In AdaBoost, the error on the re-weighted training set must be 0.5 (or you would just flip the predictions), so you stop the moment your best weak learner has an error =0.5 (which means you just cannot learn anything useful anymore). In AnyBoost the inner product of the weak learner predictions and the gradients should be >0. (Same thing, it can never be

@galhulli5081 4 жыл бұрын

Thank you very much for the explanation, I will check my runs accordingly!

@sanjaykrish8719 4 жыл бұрын

Can we say Adaboost is like coordinate descent in the functional space??

@kilianweinberger698 4 жыл бұрын

Yes, with an adaptive stepsize.

@gregmakov2680 2 жыл бұрын

hahahahaha, adaboost is never overfitting, of course!! fixing a bug tends to create another bug :D:D

@MrAngryCucaracha 5 жыл бұрын

how can adaboost work for svm? wouldnt the linear combination of such a linear classifier be linear?

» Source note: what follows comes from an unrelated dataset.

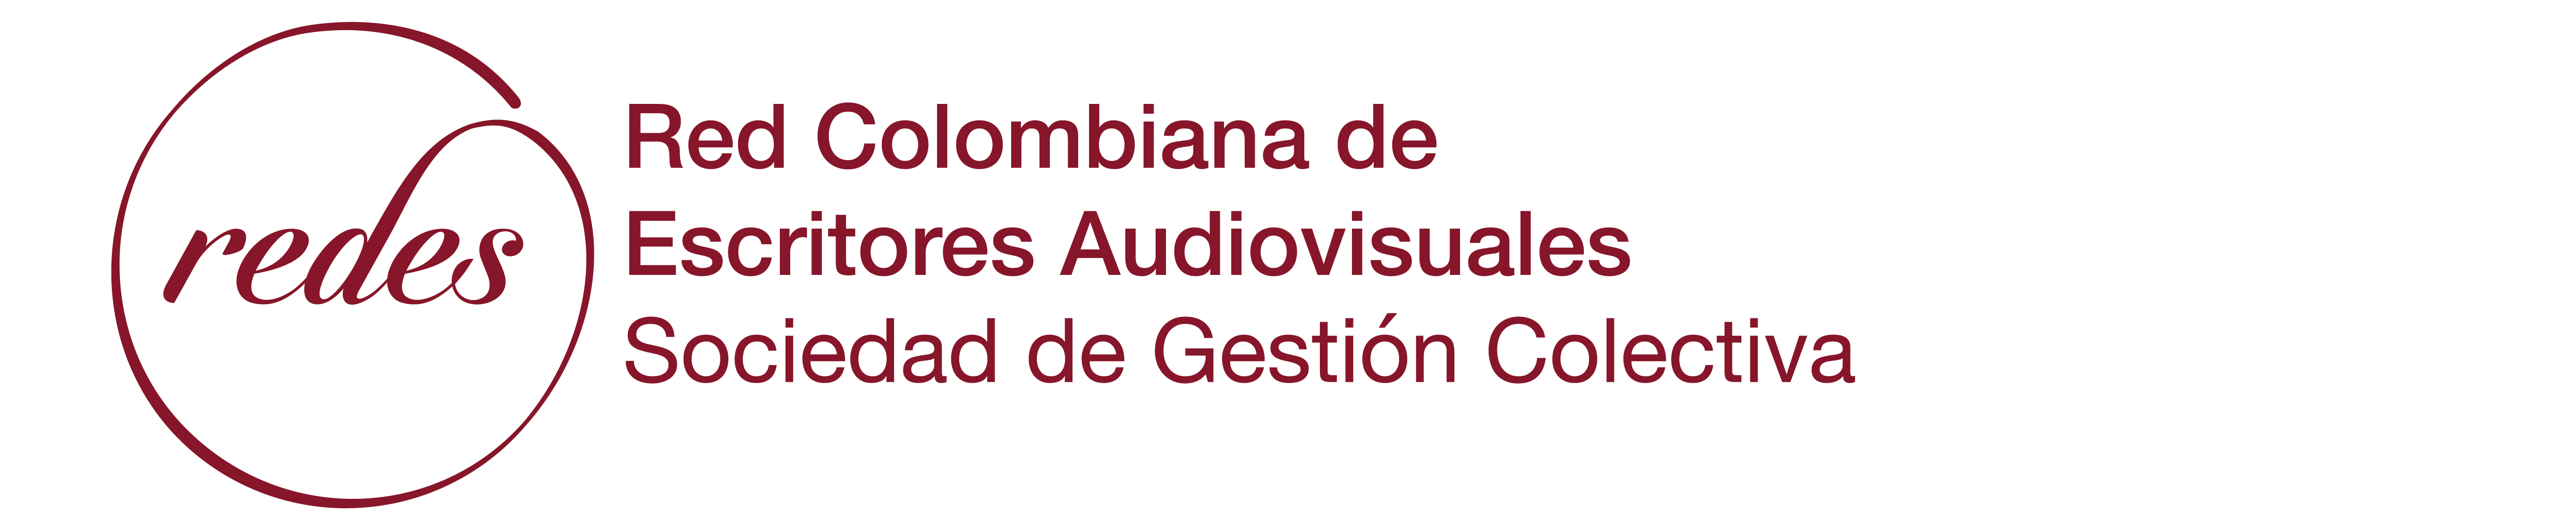 Logo redesEscritores

@kilianweinberger698 5 жыл бұрын

In AdaBoost we assume each weak learner only outputs +1 / -1. So you have to take the output of each linear classifier and apply the sign() function. Now you are combining multiple linear classifiers in a non-linear fashion.

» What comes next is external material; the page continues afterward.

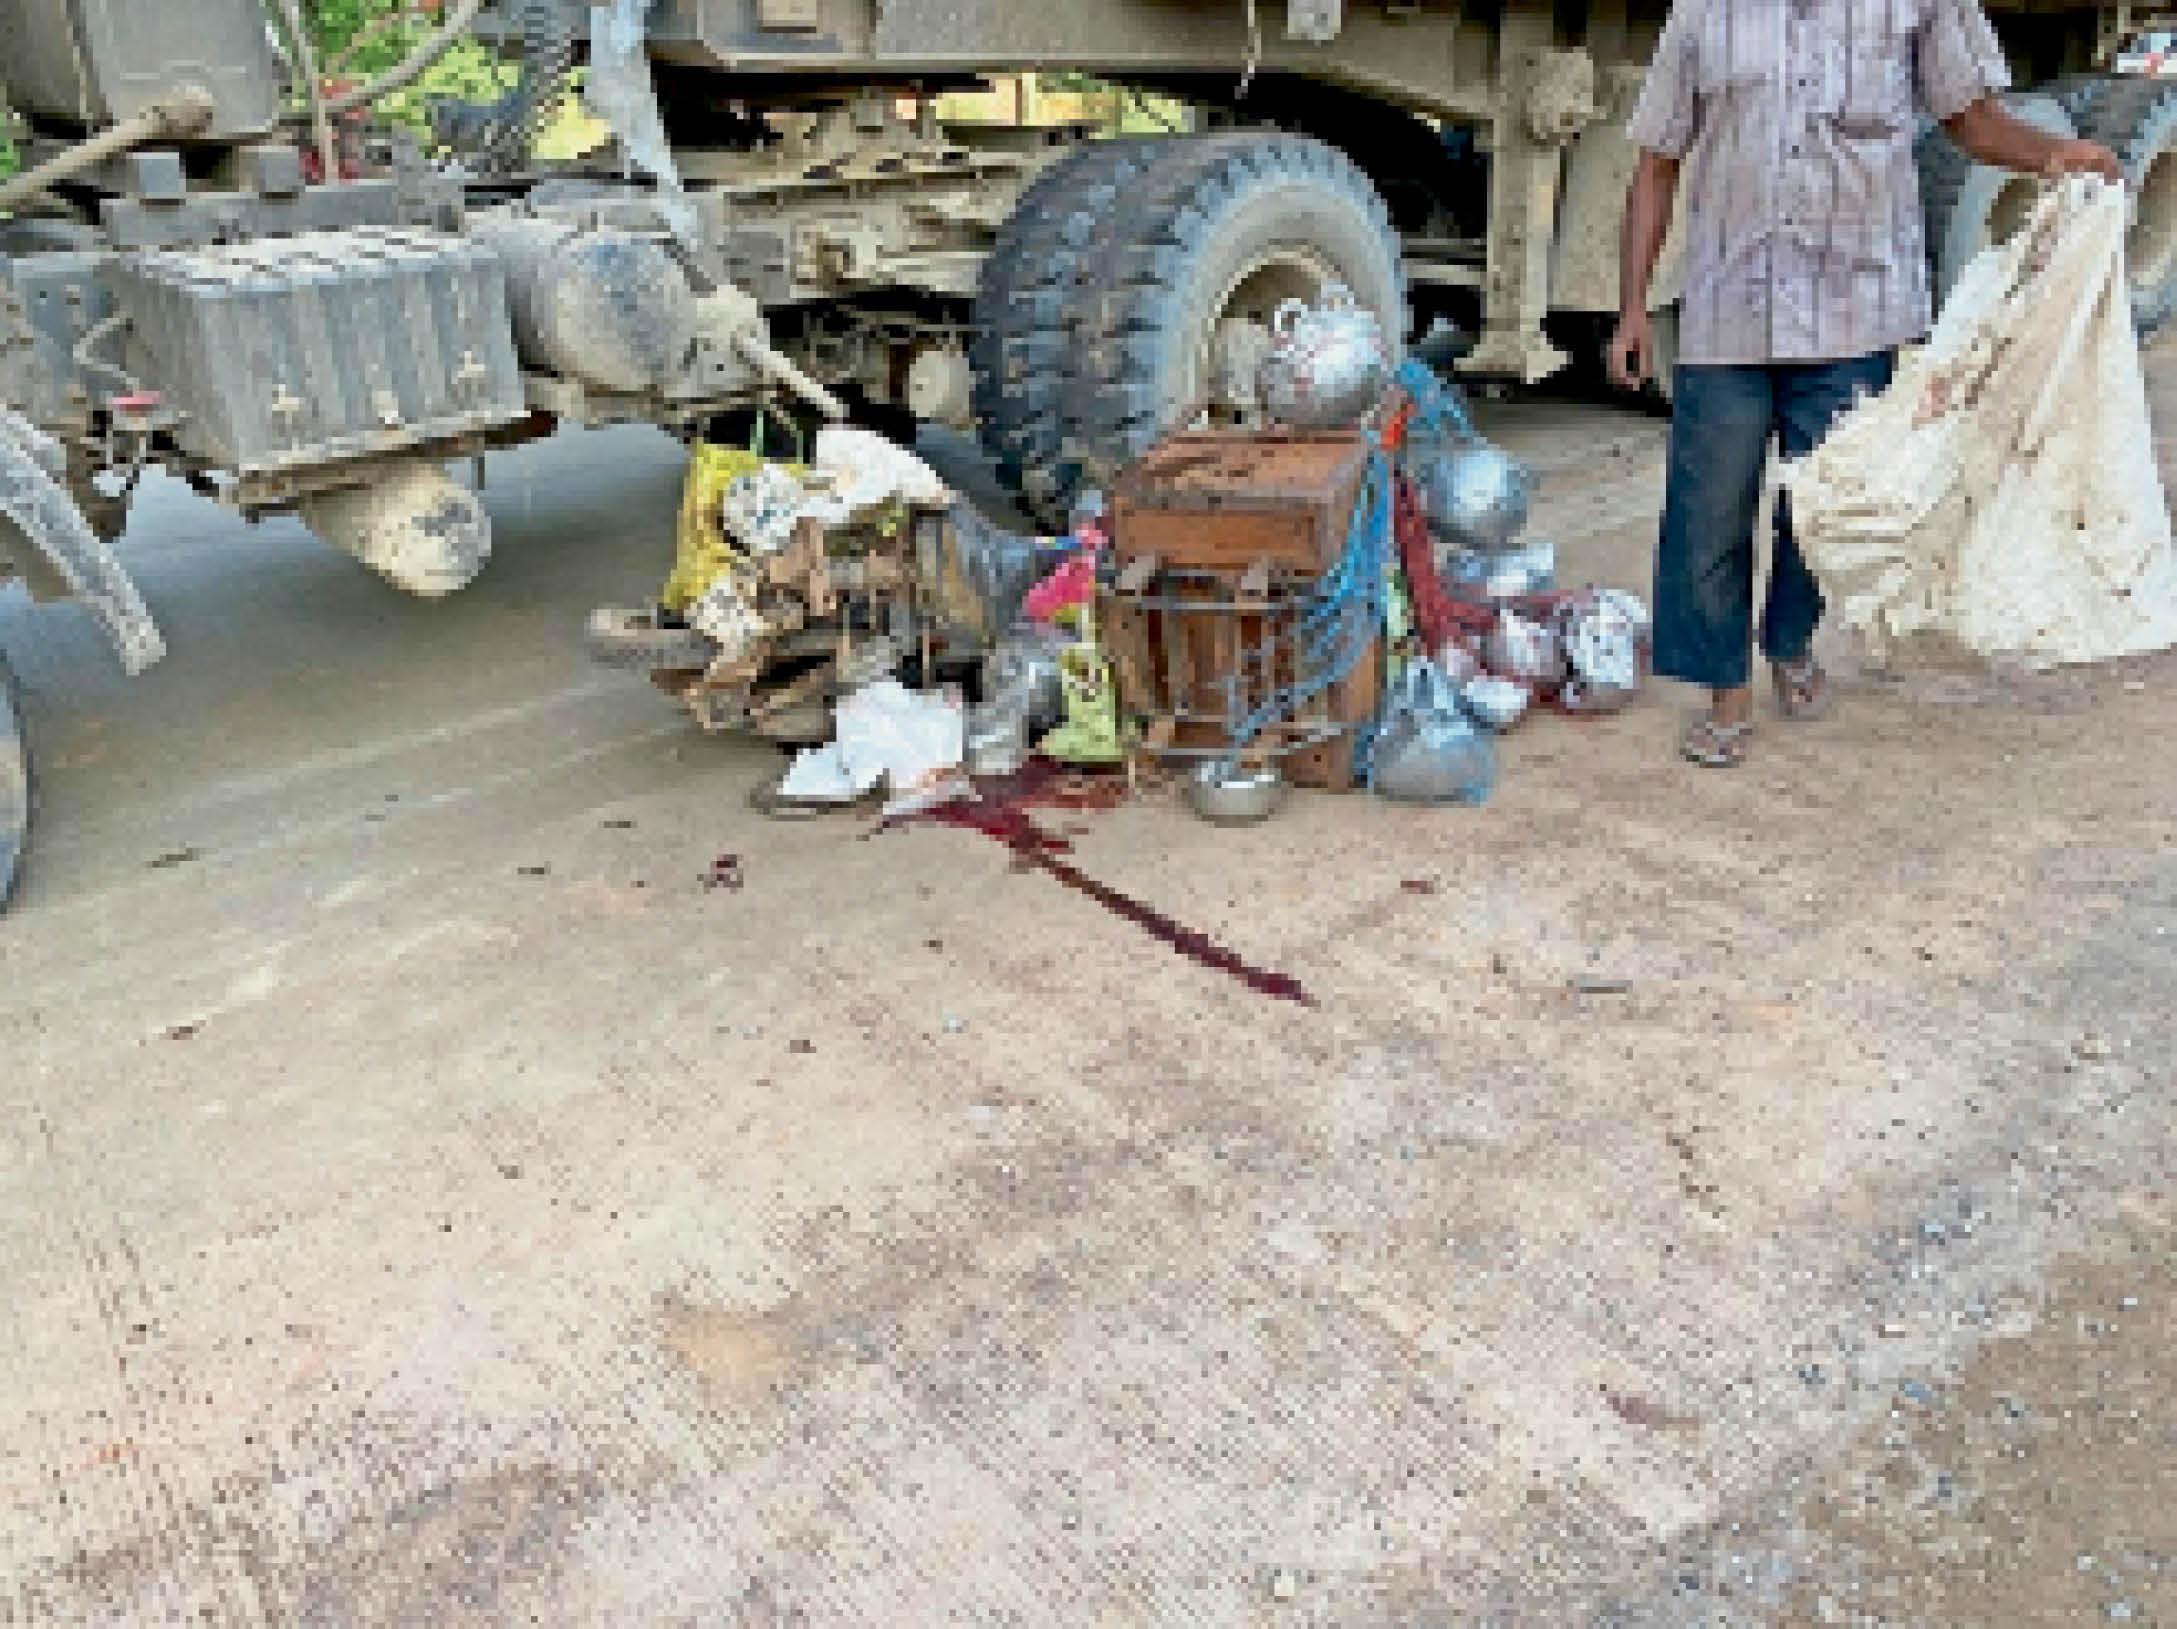 हादसे के बाद सड़क पर फैला खून। - Dainik Bhaskar

@MrAngryCucaracha 5 жыл бұрын

@@kilianweinberger698 Thank you very much for your answer Prof. Weinberger. I see now that by taking only the sign of each classifier you are applying the step function and they are no longer linear, similar to an activation function in a neural network (now I wonder if there would be any advantage of using other functions for boosting). I would also like to thank you for your amazingly clear and understandable course. I can say that I have understood all topics (even gaussian processes, which I previously believed to be impossible), and I will be very interested too watch if you decide to do any further videos, either other courses or opinion pieces, and to contribute to any patreon-like funding. Best regards.